RELATED: US Capitol Police union leader warns hundreds of officers could leave department following deadly attack

Manger explained that he doesn't plan to ask for the world of Congress but he will make very specific requests. 

"I have to have faith that they'll come through," he said. 

However, if Congress isn't able to fulfill what Capitol Police need, Manger said he will do everything he can to make sure the level of services will not be impacted. 

"We will put together a plan to make sure we won't miss a step," he said. "This is not my first rodeo and I will give it my very best effort to maintain what we need to do our jobs." 

Manger has been a police officer for over 40 years and comes to the job with more than two decades of experience as a chief of police. He said he has a lot of experience running a police agency and dealing with issues of morale. 
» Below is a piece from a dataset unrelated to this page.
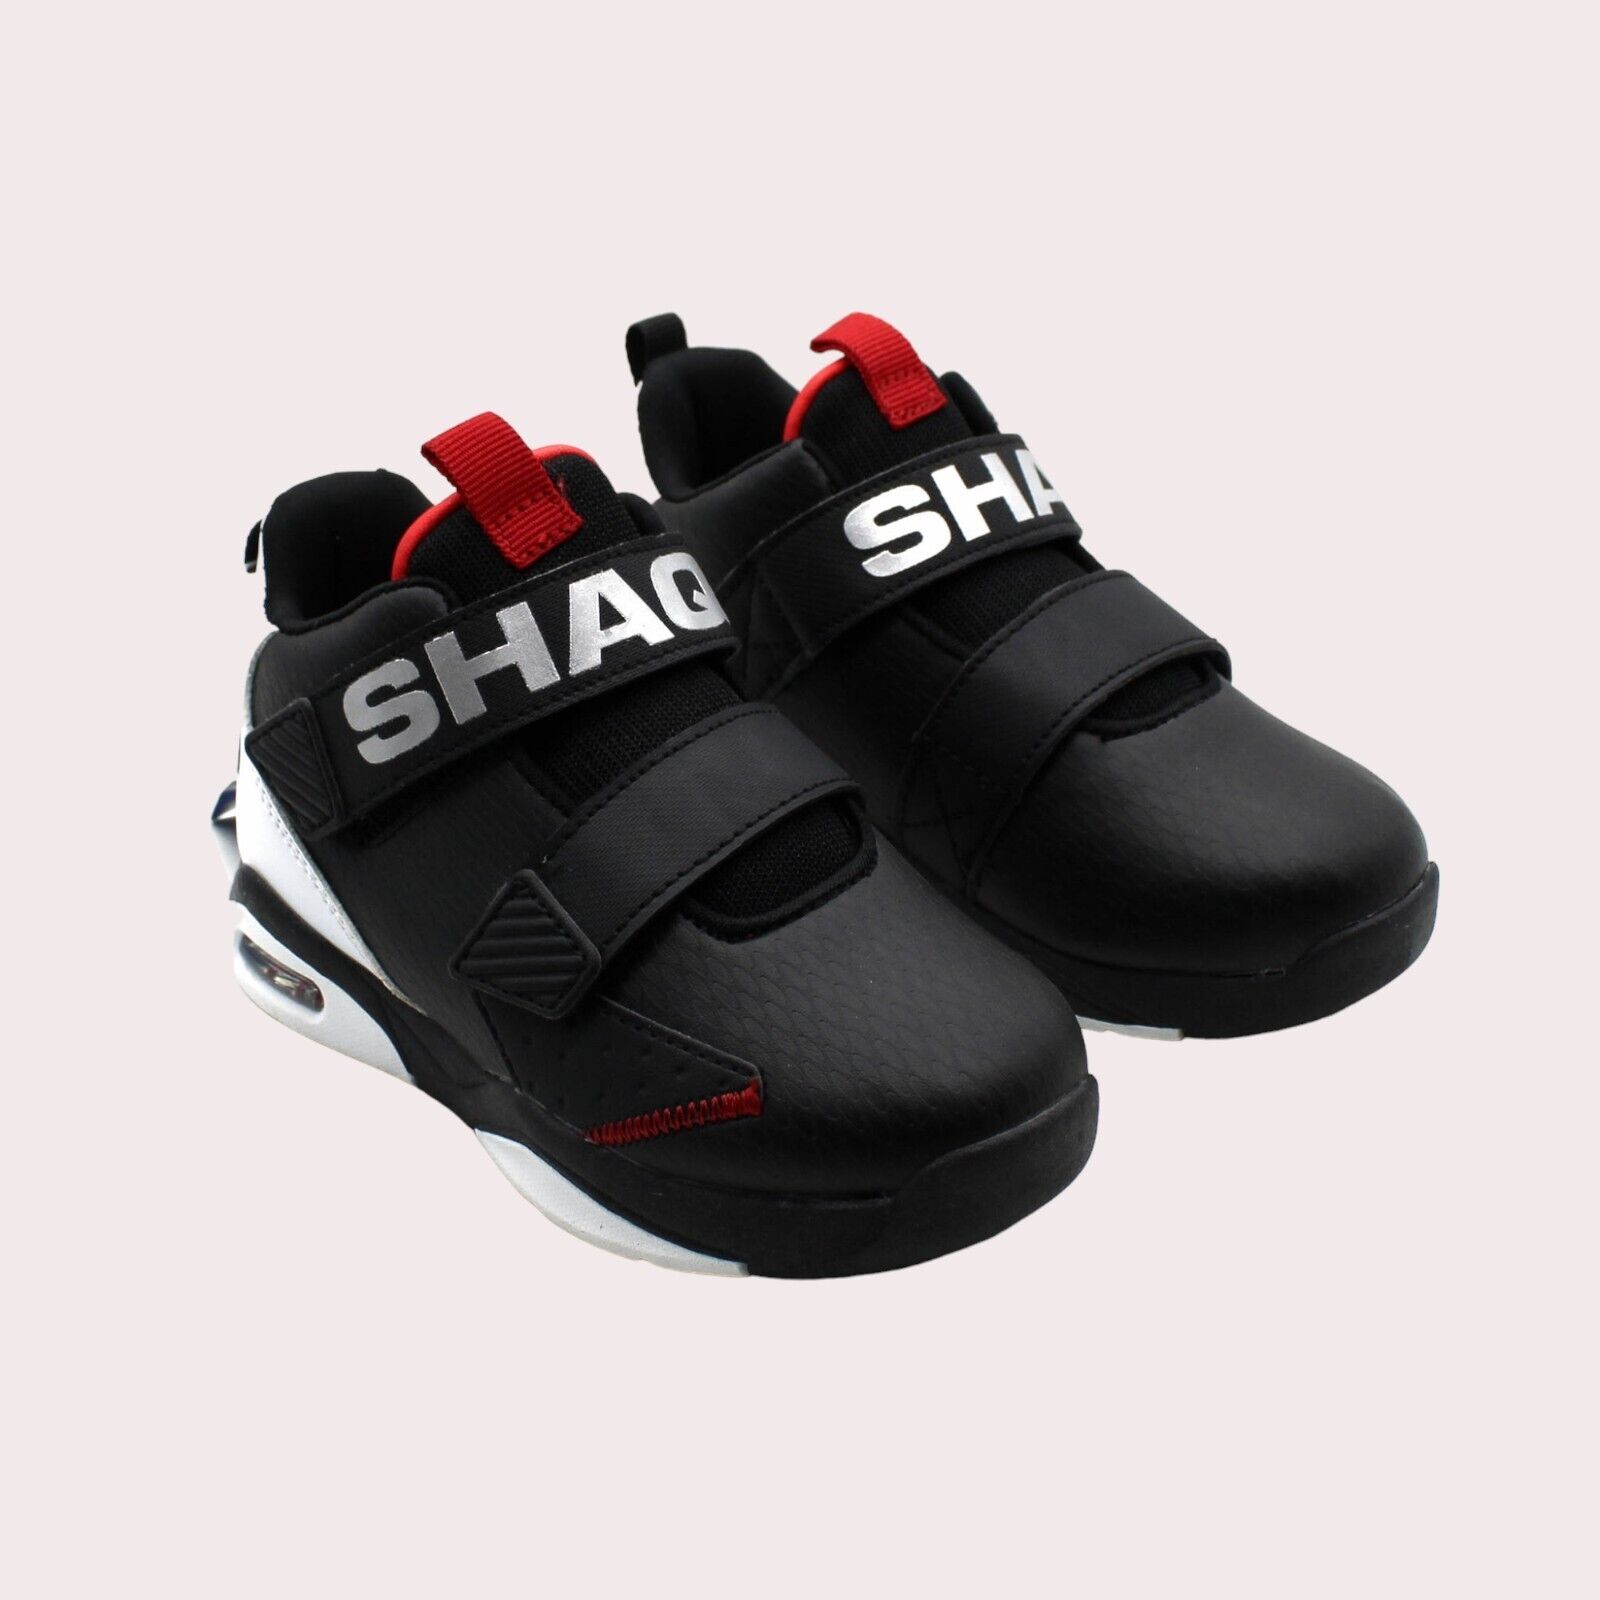 Huge Boys’ Shaq Infant & Toddler Composite Basketball Shoes in Black on eBay

He plans to work to inspire his team in order to accomplish good things. 

"This is a team effort, if I'm the only one making decisions, it ain't going to work," he explained.
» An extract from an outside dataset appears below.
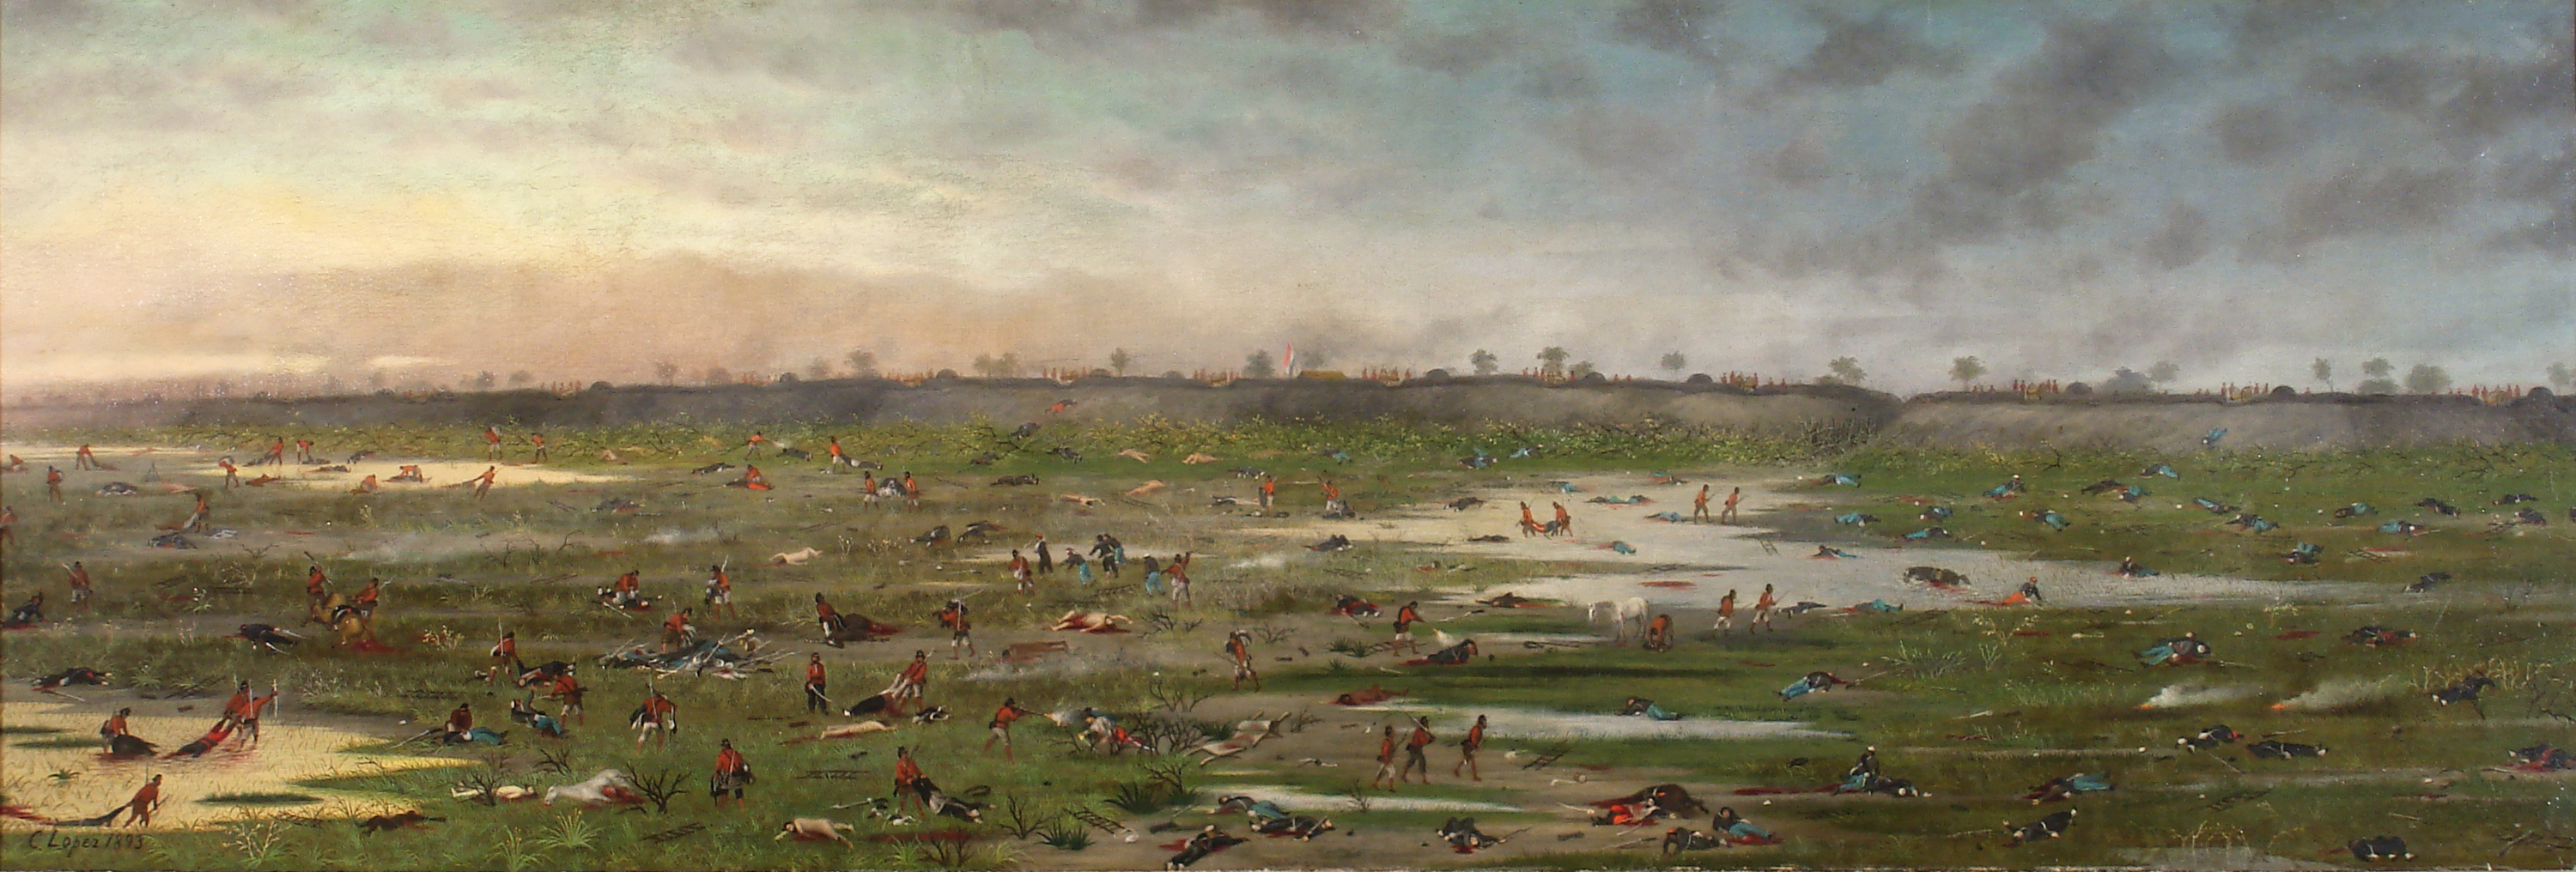 بعد معركة كوروبايتي by Cándido López - 1893 - 50,6 x 149,5 cm

Coming from the area, Manger said he has a lot of relationships with every chief in the beltway. He intends to do everything he can to make sure all departments are working together. 

RELATED: New chief selected for Capitol Police, board announces

Capitol police officers will testify in front of Congress Tuesday, a move Manger fully supports. 

"My cops, every one of them, deserves to have their story told," he said. "Their voices need to be heard." 

Manger said he may not agree with everything his officers may say but he fully supports their right to say it. 

When it comes to success in the role, ultimately, Manger believes Capitol Police are better prepared today to handle big protests and challenges than the agency was six months ago but he expects people may not believe it until they see their officers face another test. 

"I think when folks see how we respond to those challenges, the public, hopefully, will say, 'gee they did better' and maybe that will be the only way to measure this," Manger said.